Kamis, 20 Sya'ban 1440 / 25 April 2019

Kamis, 20 Sya'ban 1440 / 25 April 2019

ESDM Buat Formula Harga Avtur Meski Hanya untuk Pertamina

Ahad 10 Feb 2019 22:41 WIB

Rep: Intan Pratiwi/ Red: Indira Rezkisari

Awak Mobil Tangki (AMT) melakukan persiapan sebelum berangkat untuk mendistribusikan BBM dan Avtur menuju ke Sulawesi, di Terminal Bahan Bakar Minyak (TBBM) Plumpang, Jakarta, Selasa (2/10).

Awak Mobil Tangki (AMT) melakukan persiapan sebelum berangkat untuk mendistribusikan BBM dan Avtur menuju ke Sulawesi, di Terminal Bahan Bakar Minyak (TBBM) Plumpang, Jakarta, Selasa (2/10).

Foto: Republika/Prayogi
Pertamina merupakan satu-satunya penjual avtur di Indonesia.

REPUBLIKA.CO.ID, JAKARTA -- Pemerintah melalui Kementerian ESDM membuat formula harga Avtur. Pembentukan formula dirancang memakai perbandingan dari penetapan harga di negara lain.

Formula ini hanya dipakai Pertamina karena merupakan satu satunya penjual Avtur di Indonesia. Direktur Jenderal Minyak dan Gas Bumi, Kementerian ESDM, Djoko Siswanto menjelaskan selama ini hanya Pertamina yang menjual avtur, maka pemerintah menyerahkan kepada Pertamina perumusan formula.

Pemerintah bisa mengevaluasi, atau memberi batasan bila diperlukan. "Kemarin kita juga coba buat. Datanya karena memang hanya Pertamina yang jual jadi tidak ada pembanding. Tapi kita coba pakai bandingkan dengan negara tetangga," ujar Djoko di Kementerian ESDM, Ahad (10/2).
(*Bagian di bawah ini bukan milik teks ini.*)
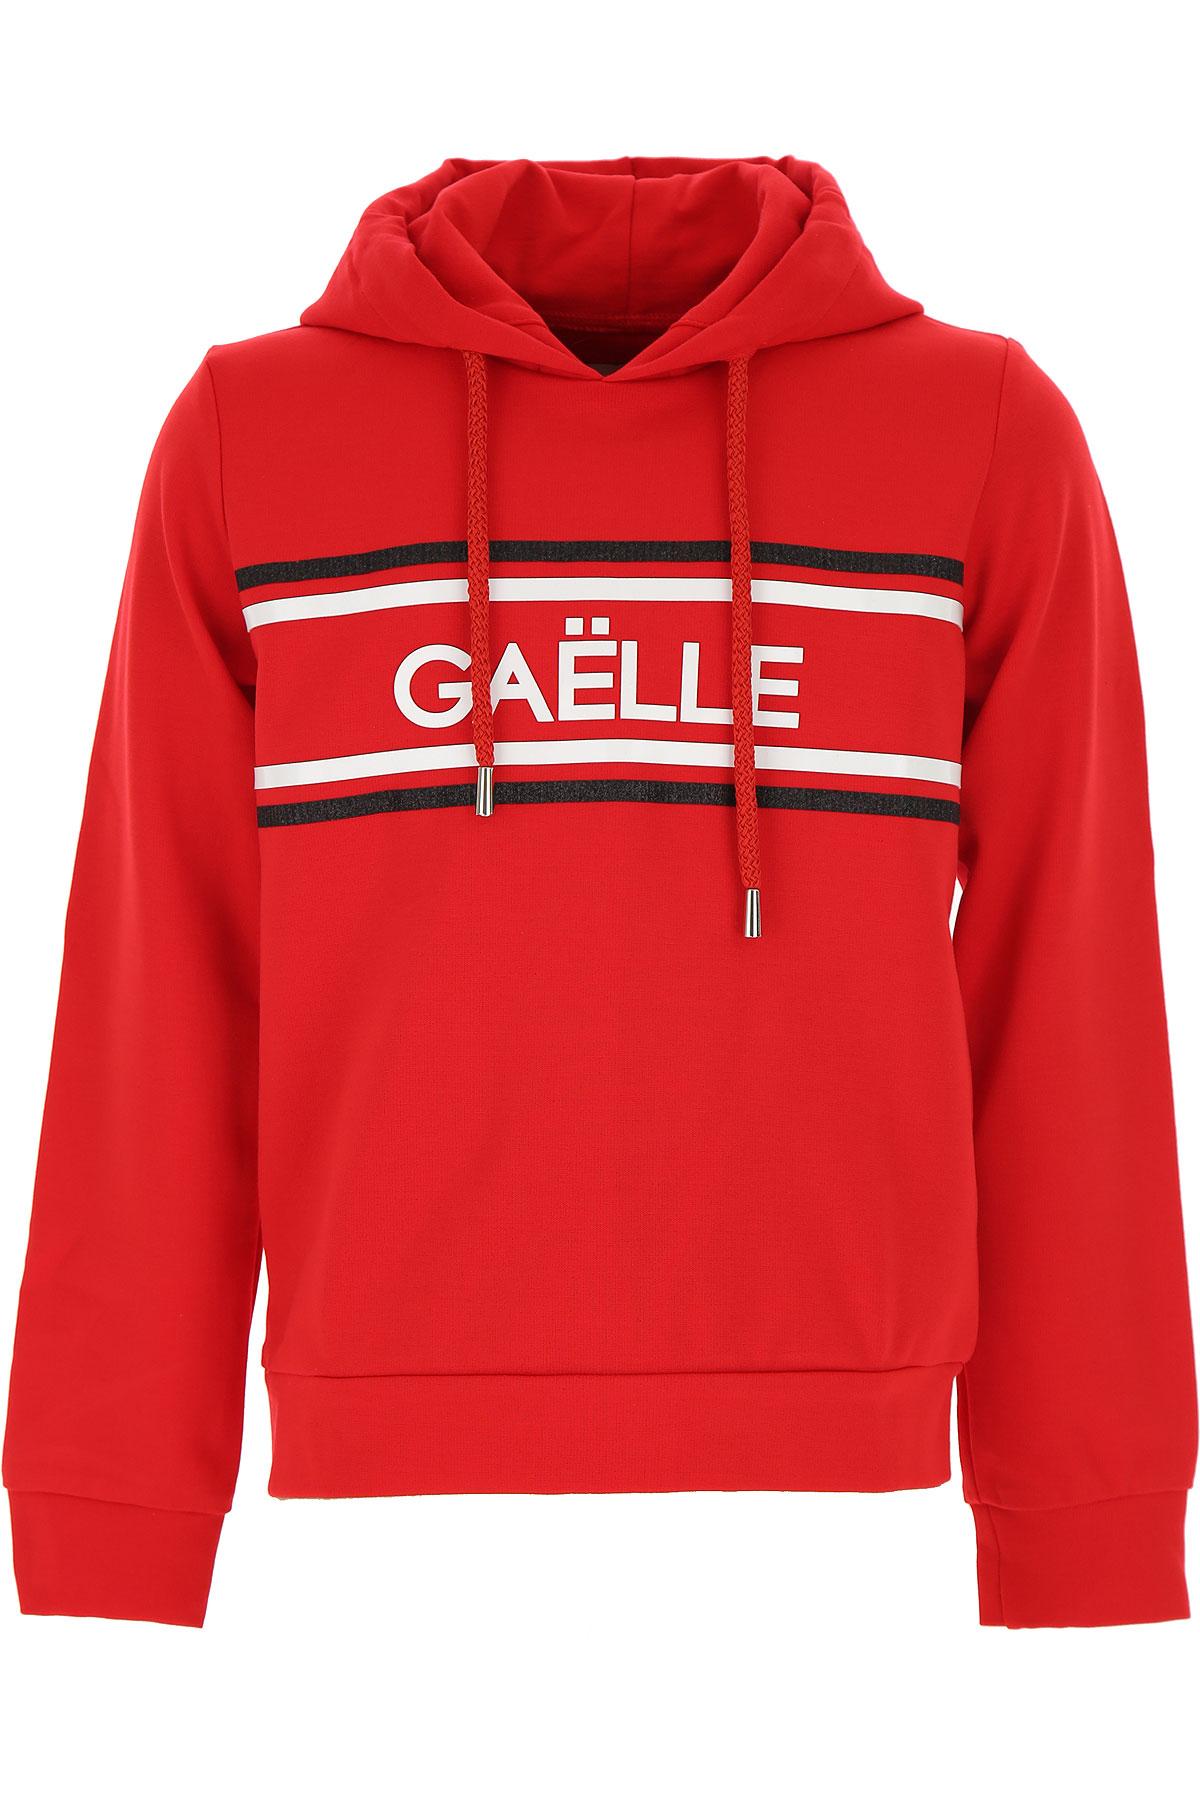 Gaelle Kids Sweatshirts & Hoodies for Girls On Sale, Red, Rayon, 2019, 10Y 12Y 8Y

Djoko menjelaskan memang persoalan harga avtur ini agak berbeda dengan formula BBM jenis lainnya. Sebab, tidak ada perbandingan harga dari badan usaha lainnya. Hal ini kata Djoko menyulitkan pemerintah untuk menentukan besaran harga pasar.

"Ya kalau misalnya ada pesaing maka mungkin bisa ada persaingan yang sehat. Kalau ada pesaing harga akan menuju harga pasar. Kalau tidak ada, monopoli," ujar Djoko.

Selama ini sebenarnya Kementerian ESDM sangat terbuka bagi badan usaha yang hendak turut menjual avtur. Namun untuk mendapatkan izin penjualan avtur diperlukan beberapa tahapan izin.

"Jadi alurnya kalau tidak salah, mereka harus dapat izin dulu dari Kemenhub atau Angkasa Pura untuk buat tangki. Izin lahan, baru mereka mengajukan ke kami. Nah ini, mereka tidak dapat izinnya. Kalau mereka ada izin lahan, kita tinggal keluarkan izin penjualannya," ujar Djoko.